Get rip-roarin' drunk for me too -- that way I don't have to deal with the hangover.

Oh, and it is totally true that rug burns cause scars. I have one in the middle of my back the size of a fifty cent piece. Don't ever, EVER have sex on the carpet! Or -- at least make sure you are on top. ;)

Anonymous said...

"Well, pull your underwear back up and sit right down there my little Mexican immigrant pool boy, and let me tell you."

Okay, that has me hysterical laughing. (need to catch my breath) Now I can go back and finish reading the rest of this post.

Anonymous said...

Rug burns can leave scars.

Trust Joe - he knows.

I totally trust Joe!

Anonymous said...

Come on back. We (I'm Canadian) still have strip clubs. The Canadian dollar has been dropping lately so your money will go farther, well, as far as the stripper will let it go without having you arrested. And we really, really like American money. Euros are great too. Pounds also. In fact, any currency that's easily convertible to loonies (a.k.a. Canadian dollars) is OK in my book.

The Absent Minded Housewife said...

But...I'm not wearing underwear...

LBluca77 said...

If I would have known you can drink in Canada at 18 I would have moved there after high school. Instead I stated in the US of A and had to pay bums to buy me booze until I scored a sweet fake ID.

Unknown said...

I agree with Joel. Our dollar sucks right now so you're 1 American doller is going to go pretty far in lapdances.

Anonymous said...

I disagree with Meghan. Most of my business' revenue arrives in U.S. dollars. So, the lower the Canadian dollar goes, the less it sucks. My motto has always been, "What this country (Canada) needs is a good 50-cent dollar."

HeyJoe said...

So that stripper picture - what's with the stripper ghost in the middle? I assume she is the reason those to bozos have their backs turned to the real flesh n' blood strippers. Not that I stared at this pic or anything.

Olly said...

I lived in Manitoba until I was sixteen. The drinking age is 18 there, too. I was some pissed-off when we moved to BC and found out it was 19 there. Needless to say I spent alot of time flying back to visit friends (drink).

Moooooog35 said...

Hungry: On the bright side, though - no Yankees fans!

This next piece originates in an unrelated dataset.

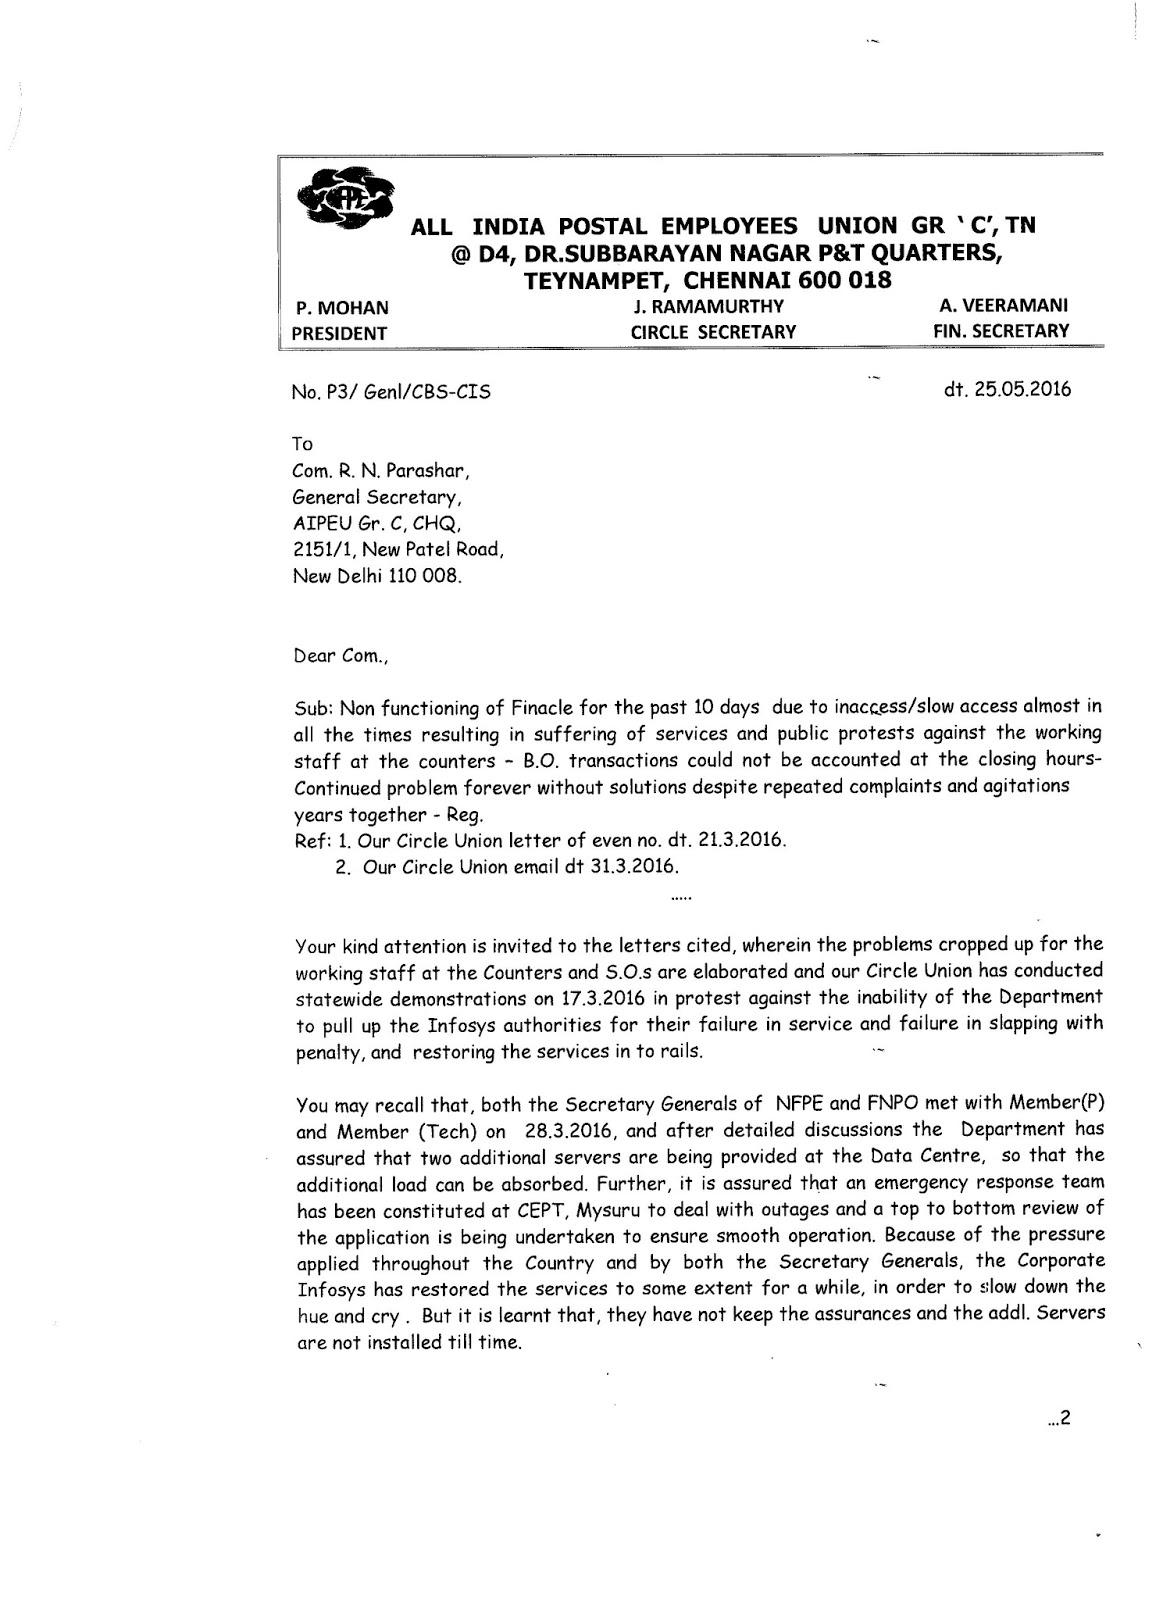 Request letter sle for transportation allowance 28 images request letter sle for transportation allowance request letter for accommodation and transport allowance all india association spiritdancerdesigns Choice Image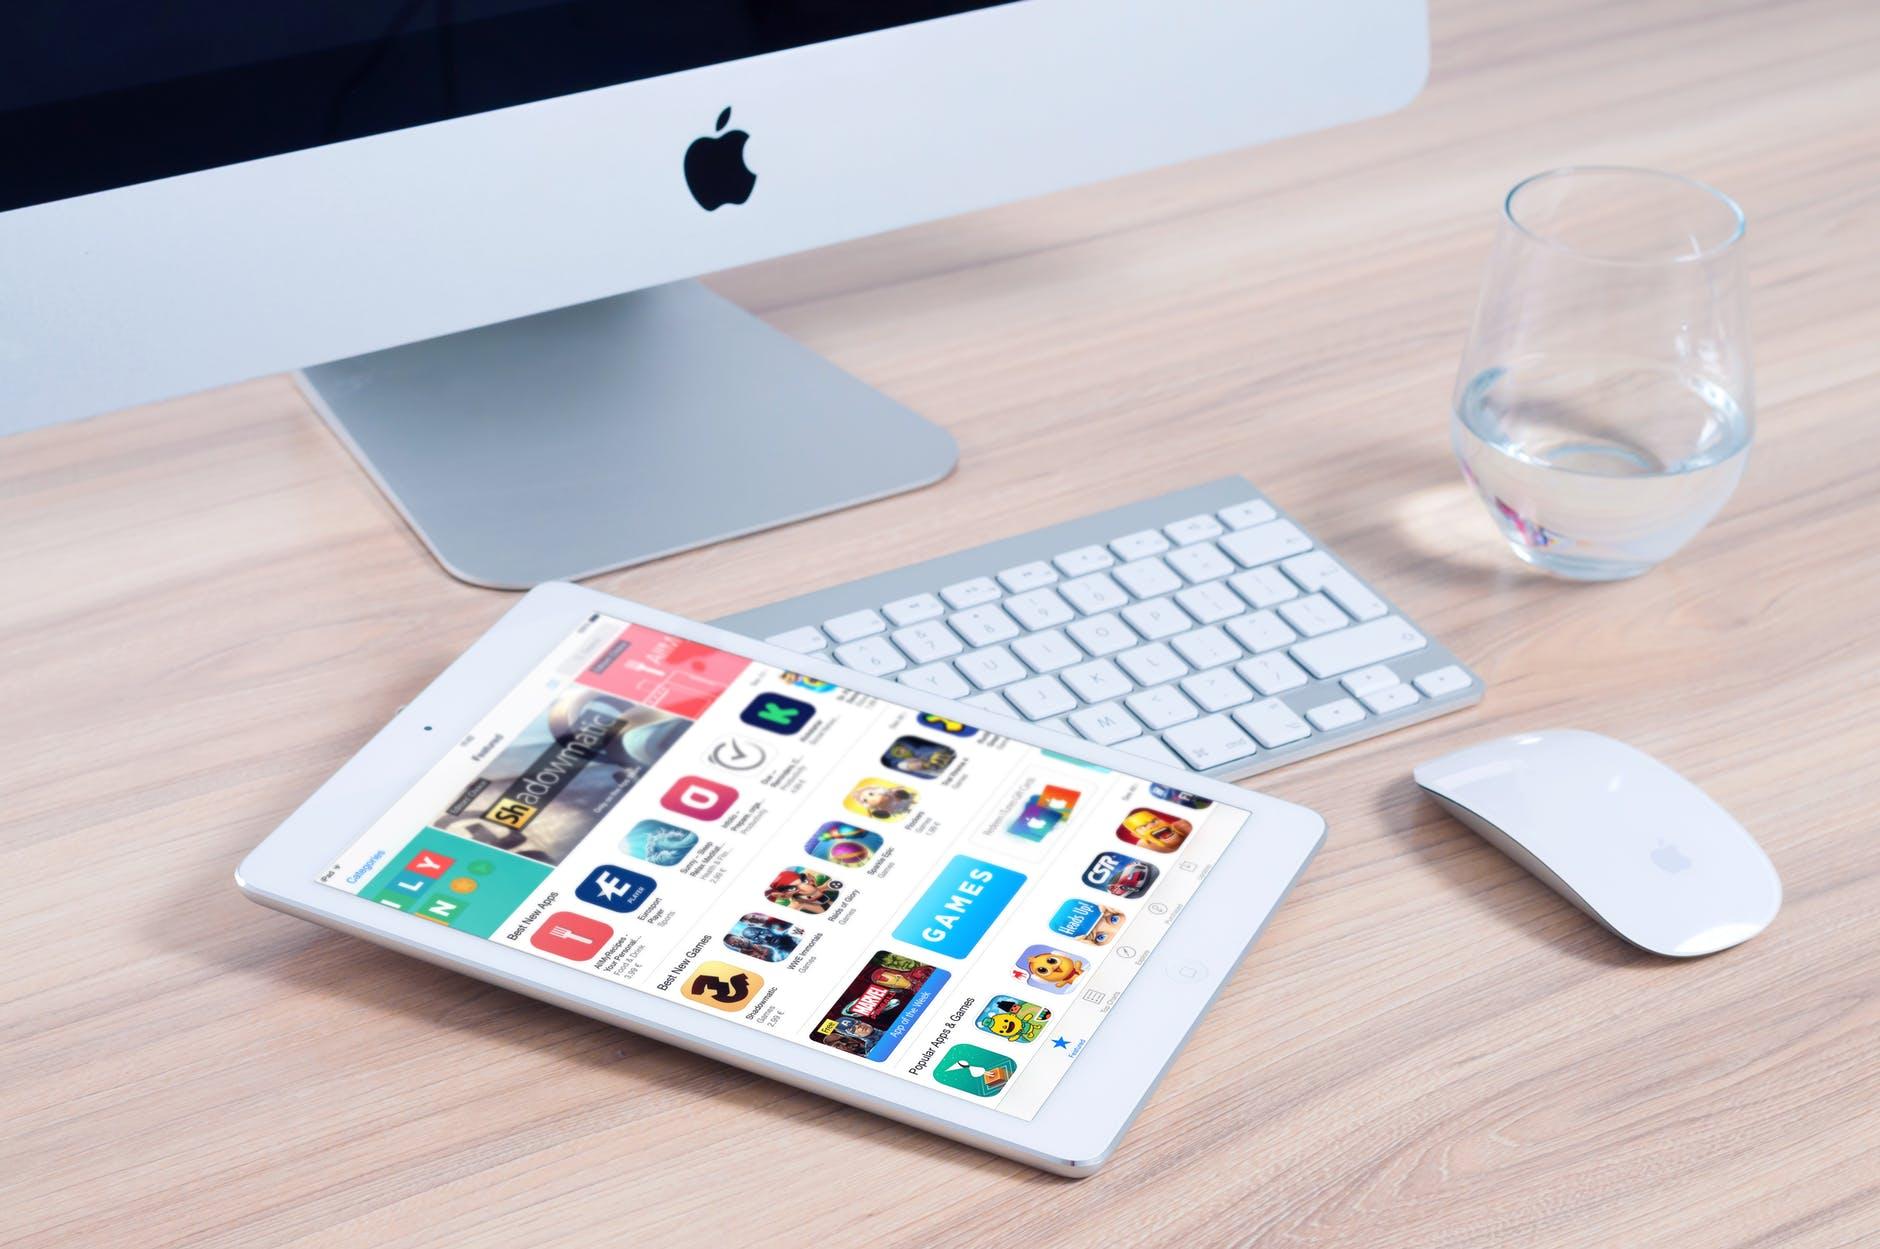 mac book and an ipad

Narm: loonie? toonie? kind of pill are you taking?

Maunie: Are there strippers in France? ROAD TRIP!

MI: narc.

Christina: They strip at the border, too?!

AngieSS: That's why I shave my genitals. Oh..which carpet are you talking about?

Meleah: I'm gonna make a shirt. Trust Joe - he knows.

Joe Klibididydklipf: LOONIE EXPLAINED! Thanks!

Becky: This is news?

lbluca: ...and many a happy US Bum was paid in hummers.

Meghan/Joe: Wow. You can cut the sexual tension with a knife.

Incoming shocker!

HeyJoe: Stripper Ghost.

I'm SO making this a movie.

If there can be a 'Zombie Strippers,' there certainly can be a 'Stripper Ghost.'

Starring Jennifer Love Hewitt.


Olly: I've spent 20 minutes trying to do the math and can't figure out why a 16 year old would fly from a place with a 19 year old drinking age to drink at a place that has an 18 year drinking age.

My head hurts.

Rahul said...

Club Supersexx is the spot.

Um, never been there.

Malach the Merciless said...

What was that all aboot? EH?

AngryMan said...

You go to another country just to see some tail? Back in the 50s, there was a skin club on every corner posing as a friendly coffee shop. What has this country come to?

weirdtales said...

Here's one more, I hate George Bush too...I think we should all go to Canada & find some Zombie Strippers ...ehh!

Anonymous said...

Jeeez. Support the locals.

Anonymous said...

Well. You have yourself a good time now.